A recent editorial by critics of the Legislature dismissed in a pen stroke the entire work of the Legislature's special session, by throwing out the proverbial baby with the bath water. Working long hours, much good was accomplished despite the criticism.
We were accused of making "a lot of sausage." Here's what we actually did:
Public Employees Retirement: Regarding the..."6.7 billion" referred to, BOTH chambers passed Senate Bill 141, privatizing and establishing market-oriented conditions for the state retirement system. This would be viewed by anyone except left-leaning writers as a forward thinking, revolutionary way of addressing the huge financial problem Alaska faces. The false premise this system was based on--that the number of retirees wouldn't quickly escalate--now haunts us. Should we let this bleed us to death or simply apply a band-aid? We chose a tourniquet. This was truly an example of the House and Senate working cooperatively to gain control of a looming disaster.

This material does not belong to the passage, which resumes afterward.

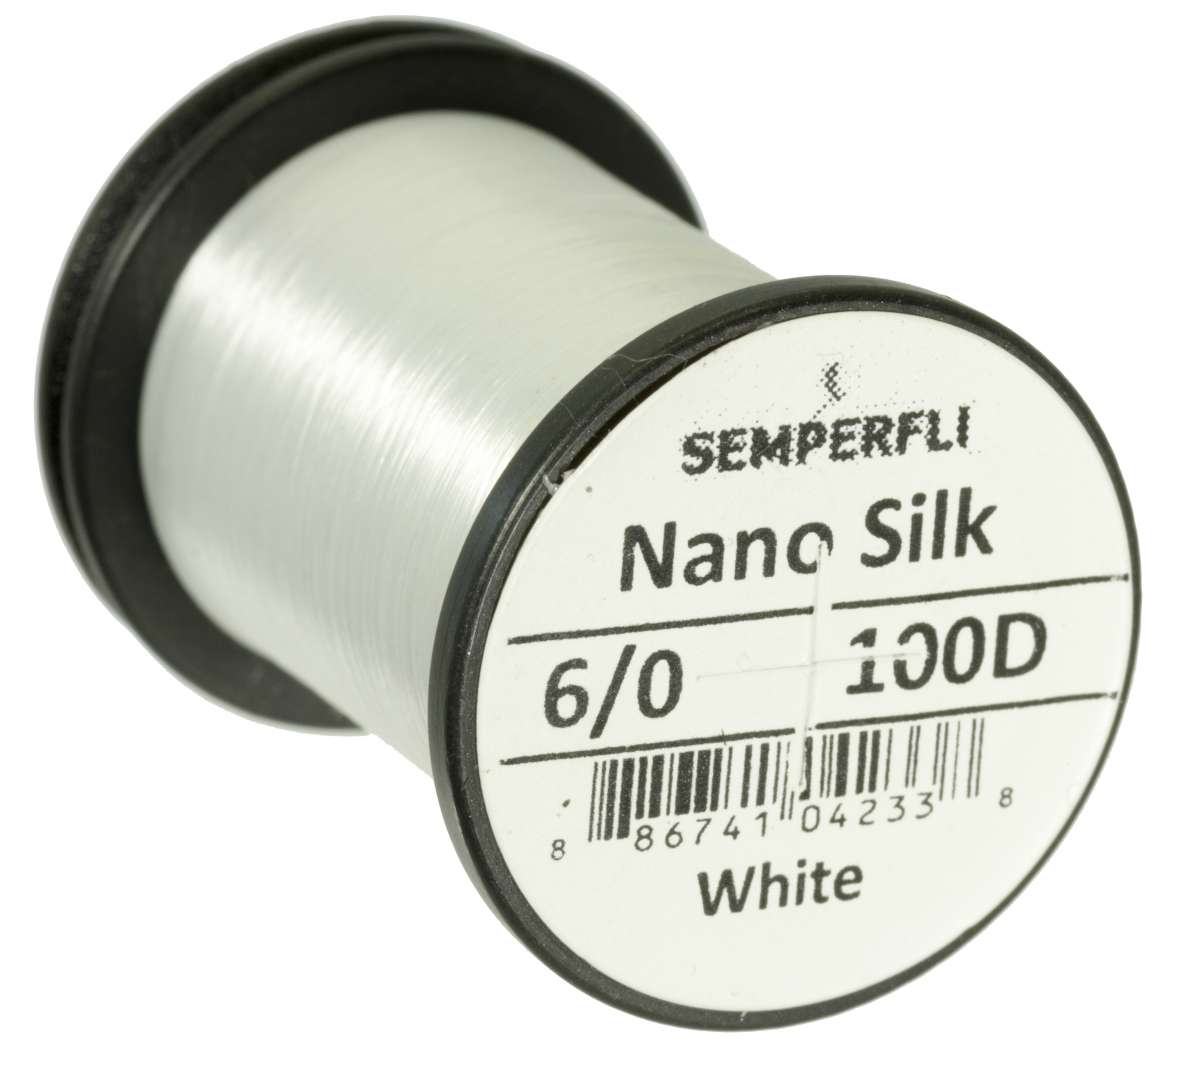 Nano Silk 100D - 6/0 White

Workers Compensation: According to these same editorialists, the Senate and Governor were victorious in a "hard-won, ugly, but decisive victory...over the House" to pass a flawed bill. This negative observation is false. Once more, they employed an old tactic, that if you repeat false information often enough, many will eventually think it's true. Could the bill have been better? Yes. However, the House and Senate once more cooperated to find a solution, even if imperfect, to out-of-control comp rates.
We were again accused of making complex decisions on retirement and workers comp legislation "behind closed doors." I insist the nameless critics step forward and reveal who their Deep Throat, or source of information is. If there were closed meetings, say a discussion in the Legislative lounge, the hallways, the restrooms, I can assure you no "deals" were cut. Do we discuss major issues wherever we gather? Of course, we're human. We're not a sequestered jury forbidden from discussing the "case" with anyone who will listen. Unnamed writers who hide behind the flag of their paper are far more secretive than we in the Juneau fishbowl.
When the claim was made, "the worker's comp and retirement bills didn't rouse much public passion," again I ask, how was this arrived at? Where were these clandestine writers when union representatives, school teachers and lobbyists were parading through our Juneau office's every day? I look these people square in the eye, listen to them, read their letters, take their calls and then respond though a very open and public action in committee meetings and the House Floor. I have often wondered why some editorialists won't even sign their pieces.
Even when a backhanded compliment is tossed our way, the quibblers get it wrong. They wrote "Money to begin the UAA Integrated Sciences Facility? We'd be better off with the whole allocation, but $21.6 million is a lot better than last year's zero." Didn't they do their homework? The University asked for $21.6 million this year and will ask for the remainder when needed later. We gave them exactly what they requested. If we had given UAA more than $21.6 million, I can just imagine the outrage, and rightly so. Will this error be corrected? If I were a betting man, I wouldn't put money on it.
Was this the Legislature's best ever session in terms of fiscal responsibility and reigning in spending? No. But was it the dark, mysterious workings of devious politicians churning out unpalatable sausages as portrayed by the referenced nameless, faceless editorial staff? Absolutely not.
There is one notion critics have brought up I agree with. Editorialists opined "The Legislature failed to save some of the surplus." Yes, we have been rescued again by high oil prices, but cannot as responsible stewards of our resources continue to spend our surpluses. We should instead make our priority downsizing government, encouraging privatization, and creating a favorable business climate. Much work remains, but it should be aided by an unbiased, objective media.
Rep. Vic Kohring serves Wasilla and the Mat-Su in the Alaska State Legislature.